Exercise brief ▸
Keeping each line exactly as it is, output all of the records.

Records from a collection
————————

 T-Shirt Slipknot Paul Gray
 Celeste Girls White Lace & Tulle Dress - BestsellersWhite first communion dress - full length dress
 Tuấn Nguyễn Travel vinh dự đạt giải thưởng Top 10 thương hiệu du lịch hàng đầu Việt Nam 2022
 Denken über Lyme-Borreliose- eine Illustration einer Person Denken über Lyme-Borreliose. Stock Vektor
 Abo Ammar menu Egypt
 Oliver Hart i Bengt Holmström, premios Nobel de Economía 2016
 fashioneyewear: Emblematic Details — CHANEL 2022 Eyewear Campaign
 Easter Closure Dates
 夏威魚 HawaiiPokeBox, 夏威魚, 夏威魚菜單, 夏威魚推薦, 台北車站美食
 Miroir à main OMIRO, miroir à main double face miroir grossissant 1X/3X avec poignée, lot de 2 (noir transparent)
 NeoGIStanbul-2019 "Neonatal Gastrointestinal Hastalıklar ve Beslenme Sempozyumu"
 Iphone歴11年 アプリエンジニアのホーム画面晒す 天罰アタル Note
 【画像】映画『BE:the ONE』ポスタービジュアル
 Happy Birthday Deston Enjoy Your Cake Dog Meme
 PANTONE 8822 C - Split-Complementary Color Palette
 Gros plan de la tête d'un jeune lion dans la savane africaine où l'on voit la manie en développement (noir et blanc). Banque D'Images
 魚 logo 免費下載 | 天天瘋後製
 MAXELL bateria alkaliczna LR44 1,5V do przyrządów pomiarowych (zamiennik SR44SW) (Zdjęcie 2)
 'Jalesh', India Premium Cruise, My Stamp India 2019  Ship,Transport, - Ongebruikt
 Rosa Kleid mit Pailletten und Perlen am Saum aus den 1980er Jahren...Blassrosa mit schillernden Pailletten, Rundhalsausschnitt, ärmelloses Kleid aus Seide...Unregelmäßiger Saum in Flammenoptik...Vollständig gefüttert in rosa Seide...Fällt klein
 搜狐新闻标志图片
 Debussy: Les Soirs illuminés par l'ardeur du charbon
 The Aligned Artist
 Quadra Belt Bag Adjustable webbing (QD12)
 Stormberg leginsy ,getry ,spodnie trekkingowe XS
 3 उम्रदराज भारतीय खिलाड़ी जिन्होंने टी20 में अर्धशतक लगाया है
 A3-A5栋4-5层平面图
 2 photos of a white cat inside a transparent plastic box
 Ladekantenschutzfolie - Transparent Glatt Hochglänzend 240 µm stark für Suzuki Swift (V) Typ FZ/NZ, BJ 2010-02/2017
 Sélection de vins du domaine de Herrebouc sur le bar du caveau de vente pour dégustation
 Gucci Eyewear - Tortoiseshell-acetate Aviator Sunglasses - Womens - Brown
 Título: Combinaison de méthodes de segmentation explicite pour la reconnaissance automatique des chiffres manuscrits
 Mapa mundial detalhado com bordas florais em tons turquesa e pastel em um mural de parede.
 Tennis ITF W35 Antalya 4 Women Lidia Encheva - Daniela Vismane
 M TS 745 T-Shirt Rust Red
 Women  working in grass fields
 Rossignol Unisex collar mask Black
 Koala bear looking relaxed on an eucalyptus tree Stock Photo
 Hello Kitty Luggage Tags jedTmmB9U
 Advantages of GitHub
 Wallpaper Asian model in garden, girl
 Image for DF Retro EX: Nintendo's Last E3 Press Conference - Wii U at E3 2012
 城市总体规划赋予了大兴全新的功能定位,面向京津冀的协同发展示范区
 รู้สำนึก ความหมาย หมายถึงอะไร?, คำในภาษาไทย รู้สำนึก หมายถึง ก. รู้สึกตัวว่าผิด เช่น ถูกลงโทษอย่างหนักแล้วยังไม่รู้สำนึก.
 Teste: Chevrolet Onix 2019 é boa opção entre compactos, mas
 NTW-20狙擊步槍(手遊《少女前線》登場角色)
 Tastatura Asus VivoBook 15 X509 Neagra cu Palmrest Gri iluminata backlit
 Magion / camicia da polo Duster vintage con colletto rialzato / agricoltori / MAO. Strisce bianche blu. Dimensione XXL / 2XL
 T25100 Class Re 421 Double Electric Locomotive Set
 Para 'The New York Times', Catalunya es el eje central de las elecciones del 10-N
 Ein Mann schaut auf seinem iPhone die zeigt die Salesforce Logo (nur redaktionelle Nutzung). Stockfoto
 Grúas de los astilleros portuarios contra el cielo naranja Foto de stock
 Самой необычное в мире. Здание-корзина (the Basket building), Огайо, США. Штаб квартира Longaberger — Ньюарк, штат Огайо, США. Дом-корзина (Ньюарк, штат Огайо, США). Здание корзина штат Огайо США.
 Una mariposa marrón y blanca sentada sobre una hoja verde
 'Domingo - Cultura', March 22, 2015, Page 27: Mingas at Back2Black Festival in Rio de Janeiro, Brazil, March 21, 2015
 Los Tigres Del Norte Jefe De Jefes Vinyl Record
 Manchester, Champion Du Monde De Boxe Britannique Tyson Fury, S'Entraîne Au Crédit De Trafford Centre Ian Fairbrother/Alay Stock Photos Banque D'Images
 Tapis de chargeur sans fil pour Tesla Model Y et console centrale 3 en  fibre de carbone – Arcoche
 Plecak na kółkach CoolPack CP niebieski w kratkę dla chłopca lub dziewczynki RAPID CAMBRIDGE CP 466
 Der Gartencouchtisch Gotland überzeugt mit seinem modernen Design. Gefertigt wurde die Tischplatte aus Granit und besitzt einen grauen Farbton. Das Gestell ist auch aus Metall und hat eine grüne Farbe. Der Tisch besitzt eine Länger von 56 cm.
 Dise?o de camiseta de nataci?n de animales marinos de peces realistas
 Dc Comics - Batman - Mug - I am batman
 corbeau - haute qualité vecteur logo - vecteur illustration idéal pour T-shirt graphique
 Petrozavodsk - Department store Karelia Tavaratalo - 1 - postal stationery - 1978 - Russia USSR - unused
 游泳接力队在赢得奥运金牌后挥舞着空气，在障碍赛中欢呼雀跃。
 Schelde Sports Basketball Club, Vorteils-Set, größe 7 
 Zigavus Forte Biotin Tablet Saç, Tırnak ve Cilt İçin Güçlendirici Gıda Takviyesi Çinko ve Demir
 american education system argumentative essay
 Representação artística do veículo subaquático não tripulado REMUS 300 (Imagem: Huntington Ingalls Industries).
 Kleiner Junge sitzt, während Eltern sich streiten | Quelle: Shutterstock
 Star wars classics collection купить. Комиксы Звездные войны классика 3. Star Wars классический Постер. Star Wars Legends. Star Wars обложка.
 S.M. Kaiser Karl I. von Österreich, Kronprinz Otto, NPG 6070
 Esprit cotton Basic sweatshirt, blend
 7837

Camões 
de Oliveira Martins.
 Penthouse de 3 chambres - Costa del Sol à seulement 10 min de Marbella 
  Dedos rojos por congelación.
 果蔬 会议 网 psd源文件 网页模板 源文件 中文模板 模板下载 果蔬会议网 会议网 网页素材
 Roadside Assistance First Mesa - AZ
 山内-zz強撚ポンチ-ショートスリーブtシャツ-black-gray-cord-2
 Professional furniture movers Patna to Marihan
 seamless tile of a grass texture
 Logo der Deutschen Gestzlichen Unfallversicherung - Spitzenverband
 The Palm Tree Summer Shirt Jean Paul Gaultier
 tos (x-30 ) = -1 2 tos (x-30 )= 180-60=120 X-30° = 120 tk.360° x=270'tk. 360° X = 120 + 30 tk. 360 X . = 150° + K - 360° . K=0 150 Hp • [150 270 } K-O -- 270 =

————————

Solution to this task ▸
 T-Shirt Slipknot Paul Gray
 Celeste Girls White Lace & Tulle Dress - BestsellersWhite first communion dress - full length dress
 Tuấn Nguyễn Travel vinh dự đạt giải thưởng Top 10 thương hiệu du lịch hàng đầu Việt Nam 2022
 Denken über Lyme-Borreliose- eine Illustration einer Person Denken über Lyme-Borreliose. Stock Vektor
 Abo Ammar menu Egypt
 Oliver Hart i Bengt Holmström, premios Nobel de Economía 2016
 fashioneyewear: Emblematic Details — CHANEL 2022 Eyewear Campaign
 Easter Closure Dates
 夏威魚 HawaiiPokeBox, 夏威魚, 夏威魚菜單, 夏威魚推薦, 台北車站美食
 Miroir à main OMIRO, miroir à main double face miroir grossissant 1X/3X avec poignée, lot de 2 (noir transparent)
 NeoGIStanbul-2019 "Neonatal Gastrointestinal Hastalıklar ve Beslenme Sempozyumu"
 Iphone歴11年 アプリエンジニアのホーム画面晒す 天罰アタル Note
 【画像】映画『BE:the ONE』ポスタービジュアル
 Happy Birthday Deston Enjoy Your Cake Dog Meme
 PANTONE 8822 C - Split-Complementary Color Palette
 Gros plan de la tête d'un jeune lion dans la savane africaine où l'on voit la manie en développement (noir et blanc). Banque D'Images
 魚 logo 免費下載 | 天天瘋後製
 MAXELL bateria alkaliczna LR44 1,5V do przyrządów pomiarowych (zamiennik SR44SW) (Zdjęcie 2)
 'Jalesh', India Premium Cruise, My Stamp India 2019  Ship,Transport, - Ongebruikt
 Rosa Kleid mit Pailletten und Perlen am Saum aus den 1980er Jahren...Blassrosa mit schillernden Pailletten, Rundhalsausschnitt, ärmelloses Kleid aus Seide...Unregelmäßiger Saum in Flammenoptik...Vollständig gefüttert in rosa Seide...Fällt klein
 搜狐新闻标志图片
 Debussy: Les Soirs illuminés par l'ardeur du charbon
 The Aligned Artist
 Quadra Belt Bag Adjustable webbing (QD12)
 Stormberg leginsy ,getry ,spodnie trekkingowe XS
 3 उम्रदराज भारतीय खिलाड़ी जिन्होंने टी20 में अर्धशतक लगाया है
 A3-A5栋4-5层平面图
 2 photos of a white cat inside a transparent plastic box
 Ladekantenschutzfolie - Transparent Glatt Hochglänzend 240 µm stark für Suzuki Swift (V) Typ FZ/NZ, BJ 2010-02/2017
 Sélection de vins du domaine de Herrebouc sur le bar du caveau de vente pour dégustation
 Gucci Eyewear - Tortoiseshell-acetate Aviator Sunglasses - Womens - Brown
 Título: Combinaison de méthodes de segmentation explicite pour la reconnaissance automatique des chiffres manuscrits
 Mapa mundial detalhado com bordas florais em tons turquesa e pastel em um mural de parede.
 Tennis ITF W35 Antalya 4 Women Lidia Encheva - Daniela Vismane
 M TS 745 T-Shirt Rust Red
 Women  working in grass fields
 Rossignol Unisex collar mask Black
 Koala bear looking relaxed on an eucalyptus tree Stock Photo
 Hello Kitty Luggage Tags jedTmmB9U
 Advantages of GitHub
 Wallpaper Asian model in garden, girl
 Image for DF Retro EX: Nintendo's Last E3 Press Conference - Wii U at E3 2012
 城市总体规划赋予了大兴全新的功能定位,面向京津冀的协同发展示范区
 รู้สำนึก ความหมาย หมายถึงอะไร?, คำในภาษาไทย รู้สำนึก หมายถึง ก. รู้สึกตัวว่าผิด เช่น ถูกลงโทษอย่างหนักแล้วยังไม่รู้สำนึก.
 Teste: Chevrolet Onix 2019 é boa opção entre compactos, mas
 NTW-20狙擊步槍(手遊《少女前線》登場角色)
 Tastatura Asus VivoBook 15 X509 Neagra cu Palmrest Gri iluminata backlit
 Magion / camicia da polo Duster vintage con colletto rialzato / agricoltori / MAO. Strisce bianche blu. Dimensione XXL / 2XL
 T25100 Class Re 421 Double Electric Locomotive Set
 Para 'The New York Times', Catalunya es el eje central de las elecciones del 10-N
 Ein Mann schaut auf seinem iPhone die zeigt die Salesforce Logo (nur redaktionelle Nutzung). Stockfoto
 Grúas de los astilleros portuarios contra el cielo naranja Foto de stock
 Самой необычное в мире. Здание-корзина (the Basket building), Огайо, США. Штаб квартира Longaberger — Ньюарк, штат Огайо, США. Дом-корзина (Ньюарк, штат Огайо, США). Здание корзина штат Огайо США.
 Una mariposa marrón y blanca sentada sobre una hoja verde
 'Domingo - Cultura', March 22, 2015, Page 27: Mingas at Back2Black Festival in Rio de Janeiro, Brazil, March 21, 2015
 Los Tigres Del Norte Jefe De Jefes Vinyl Record
 Manchester, Champion Du Monde De Boxe Britannique Tyson Fury, S'Entraîne Au Crédit De Trafford Centre Ian Fairbrother/Alay Stock Photos Banque D'Images
 Tapis de chargeur sans fil pour Tesla Model Y et console centrale 3 en  fibre de carbone – Arcoche
 Plecak na kółkach CoolPack CP niebieski w kratkę dla chłopca lub dziewczynki RAPID CAMBRIDGE CP 466
 Der Gartencouchtisch Gotland überzeugt mit seinem modernen Design. Gefertigt wurde die Tischplatte aus Granit und besitzt einen grauen Farbton. Das Gestell ist auch aus Metall und hat eine grüne Farbe. Der Tisch besitzt eine Länger von 56 cm.
 Dise?o de camiseta de nataci?n de animales marinos de peces realistas
 Dc Comics - Batman - Mug - I am batman
 corbeau - haute qualité vecteur logo - vecteur illustration idéal pour T-shirt graphique
 Petrozavodsk - Department store Karelia Tavaratalo - 1 - postal stationery - 1978 - Russia USSR - unused
 游泳接力队在赢得奥运金牌后挥舞着空气，在障碍赛中欢呼雀跃。
 Schelde Sports Basketball Club, Vorteils-Set, größe 7 
 Zigavus Forte Biotin Tablet Saç, Tırnak ve Cilt İçin Güçlendirici Gıda Takviyesi Çinko ve Demir
 american education system argumentative essay
 Representação artística do veículo subaquático não tripulado REMUS 300 (Imagem: Huntington Ingalls Industries).
 Kleiner Junge sitzt, während Eltern sich streiten | Quelle: Shutterstock
 Star wars classics collection купить. Комиксы Звездные войны классика 3. Star Wars классический Постер. Star Wars Legends. Star Wars обложка.
 S.M. Kaiser Karl I. von Österreich, Kronprinz Otto, NPG 6070
 Esprit cotton Basic sweatshirt, blend
 7837

Camões 
de Oliveira Martins.
 Penthouse de 3 chambres - Costa del Sol à seulement 10 min de Marbella 
  Dedos rojos por congelación.
 果蔬 会议 网 psd源文件 网页模板 源文件 中文模板 模板下载 果蔬会议网 会议网 网页素材
 Roadside Assistance First Mesa - AZ
 山内-zz強撚ポンチ-ショートスリーブtシャツ-black-gray-cord-2
 Professional furniture movers Patna to Marihan
 seamless tile of a grass texture
 Logo der Deutschen Gestzlichen Unfallversicherung - Spitzenverband
 The Palm Tree Summer Shirt Jean Paul Gaultier
 tos (x-30 ) = -1 2 tos (x-30 )= 180-60=120 X-30° = 120 tk.360° x=270'tk. 360° X = 120 + 30 tk. 360 X . = 150° + K - 360° . K=0 150 Hp • [150 270 } K-O -- 270 =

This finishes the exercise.